By George Hishmeh – Washington DC
The first nine months of US President Barack Obama’s tenure at the White House have been pregnant with thought-provoking ideas and commendable aspirations aimed at improving the tarnished US image and bringing the world closer together in every way possible — especially in the Middle East, where an unresolved Arab-Israeli conflict has been simmering for more than 60 years. But there is increasing fear in Europe and the Arab world that Obama may fail to deliver on his potential.
"Trans-Atlantic relations are again clouded by doubts", the New York Times reported on the eve of a United States-European Union meeting in Washington this week. "Europe and the United States remain at least partly out of sync on Afghanistan, the Middle East, Iran and climate change".
Coincidentally, Obama will next week be addressing major Jewish organizations in Washington. Many hope he will use the opportunity to put an end to the hesitation within his administration over the Palestinian-Israeli conflict. The signs so far are not encouraging.
US Secretary of State Hillary Rodham Clinton has caused mayhem this week with her inelegant pronouncements in the Middle East, a development which makes one wonder whether she realizes that she is no longer the senator from New York, having to cater to her large Jewish constituency there, but a senior official of the Obama administration, which is committed to a ‘new beginning’ with the Arab and Muslim worlds.

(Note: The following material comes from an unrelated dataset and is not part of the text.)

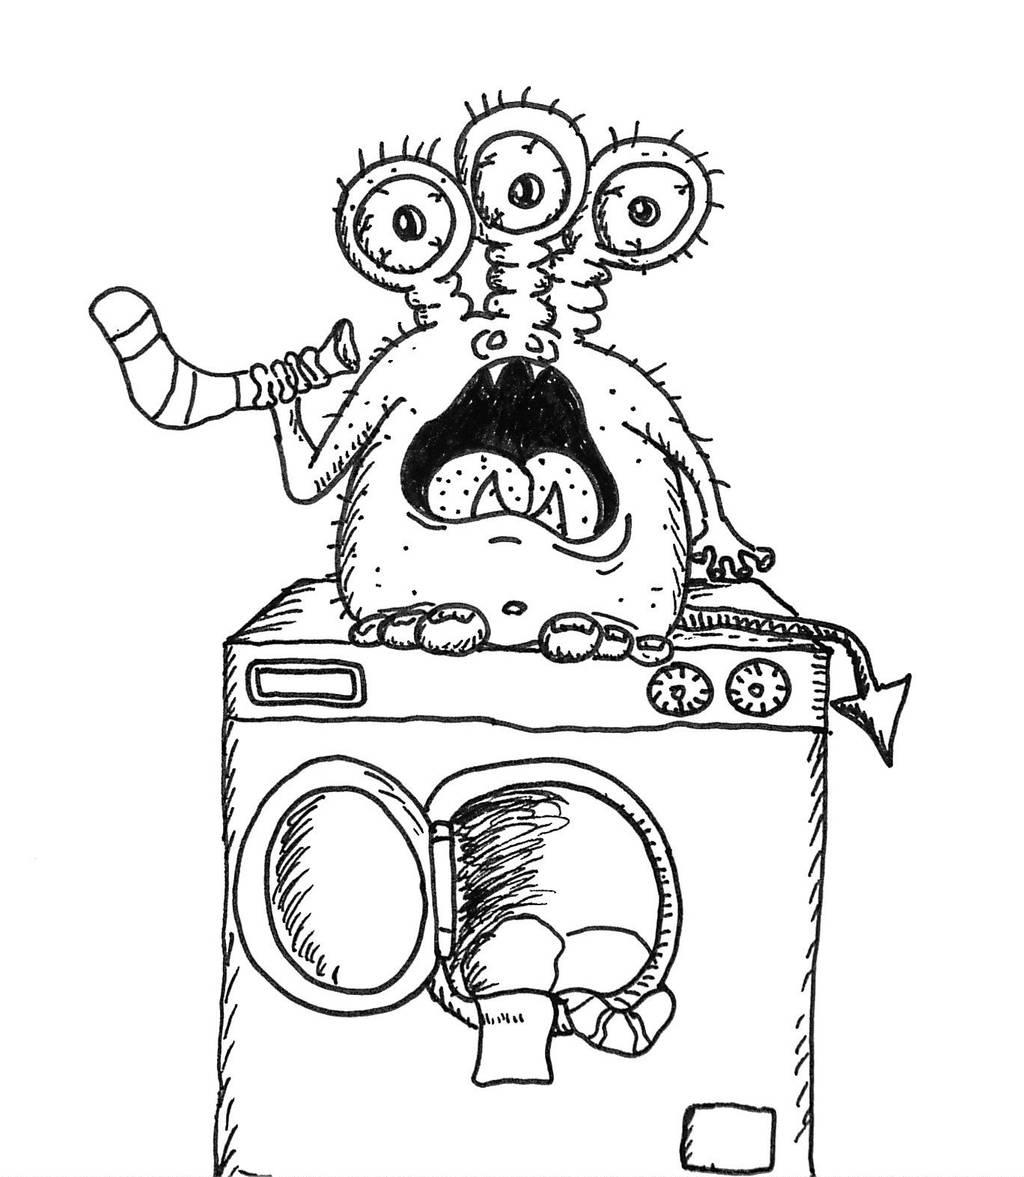 Laundry monster by chbj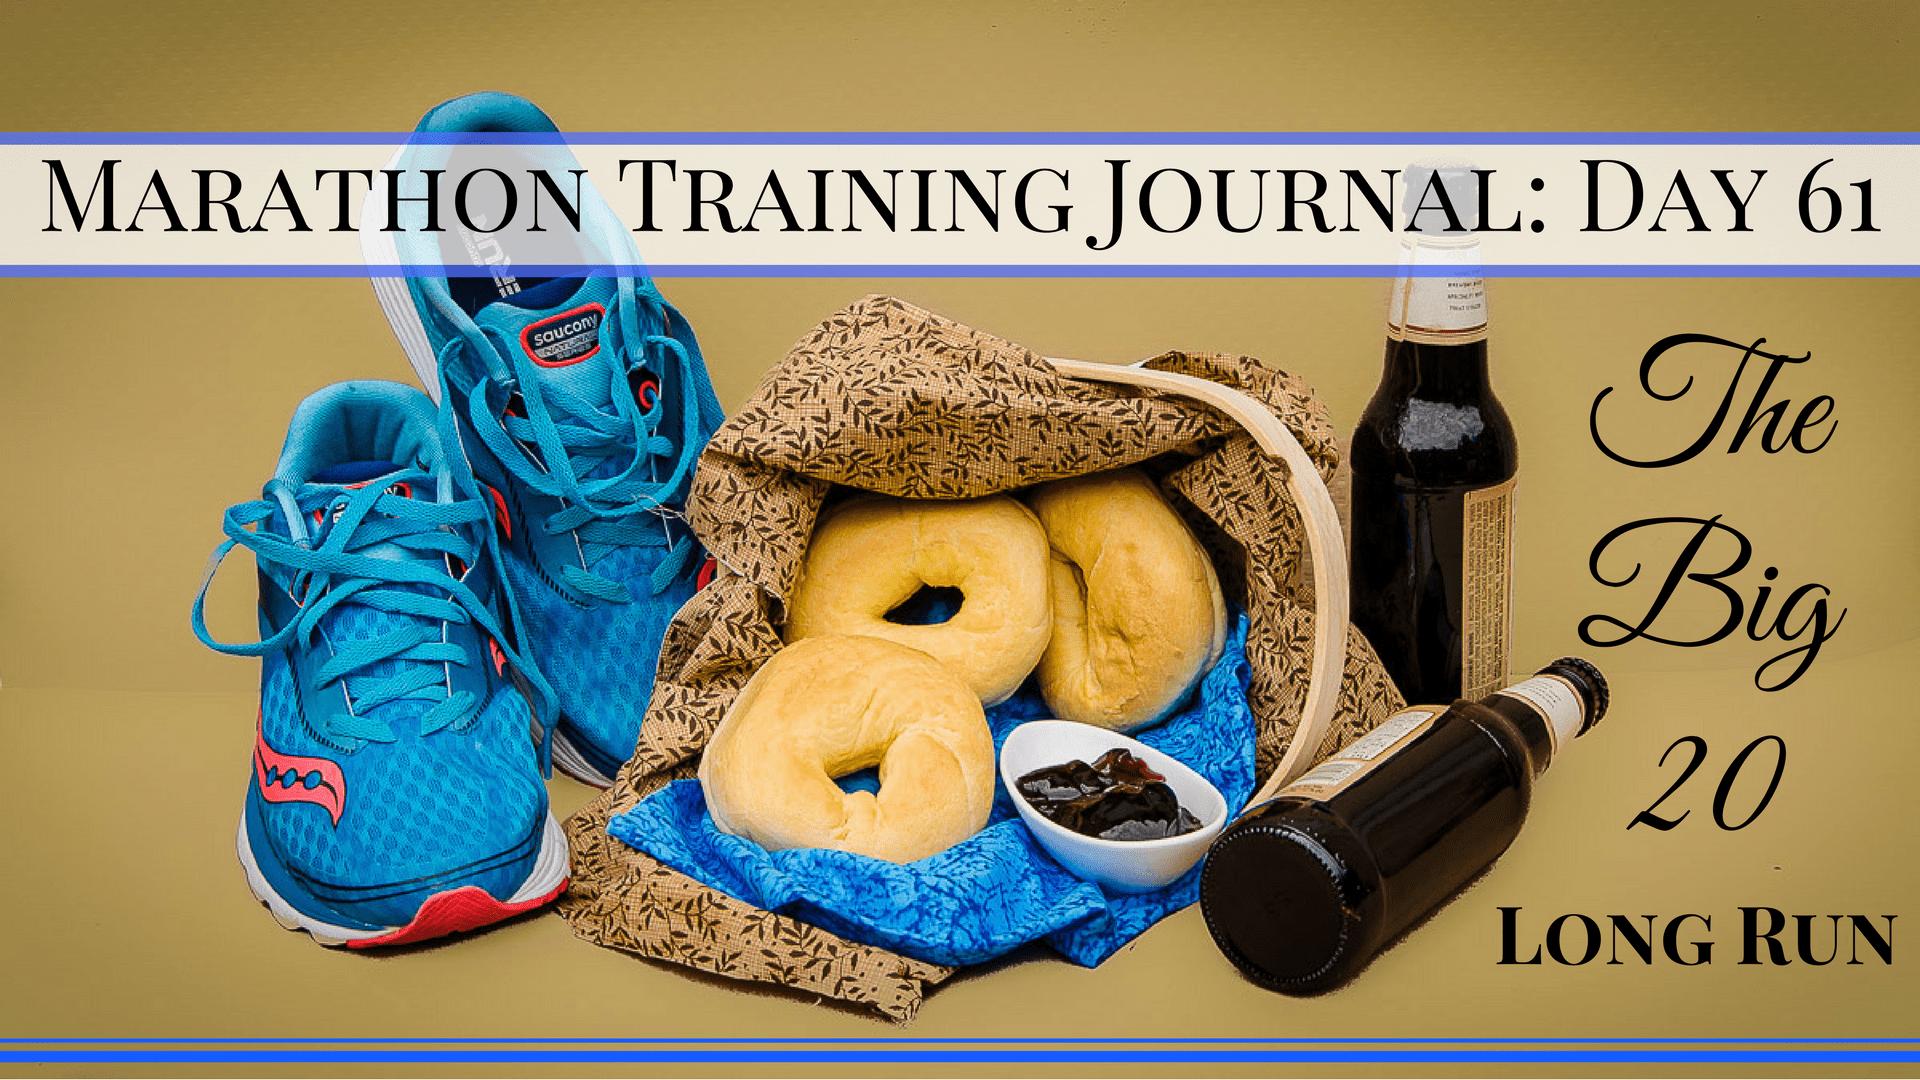 Copy of Marathon Training Journal- Day 61

Arab anger was touched off by Clinton’s untimely and senseless statements, followed by immediate backtracking. Upon meeting with Israeli Prime Minister Benjamin Netanyahu, Clinton had praised him for making a proposal that she described as an ‘unprecedented’ gesture in the hope of starting peace negotiations with the Palestinians. It turned out, however, that his proposal would allow Israel to continue building 3,000 colony housing units on the occupied West Bank over the next nine months. It would also prevent international monitoring of its ‘ethnic cleansing’ of Occupied Jerusalem, where more than a quarter million Palestinians reside. How she failed to see the true nature of Netanyahu’s unpalatable offer is mind-boggling.
Hardly 24 hours had passed when she qualified her remarks to appease the Arab world. She said that Netanyahu’s offer fell short of the Obama administration’s position on the illegal colonies — which, in effect, does not differ from that of all past US administrations.
In turn, Palestinian National Authority President Mahmoud Abbas was this time the first Arab leader to reject the Israeli offer when he met Clinton in Abu Dhabi on her way back last week from a tumultuous trip to Pakistan, Israel and Morocco for a meeting with Arab foreign ministers.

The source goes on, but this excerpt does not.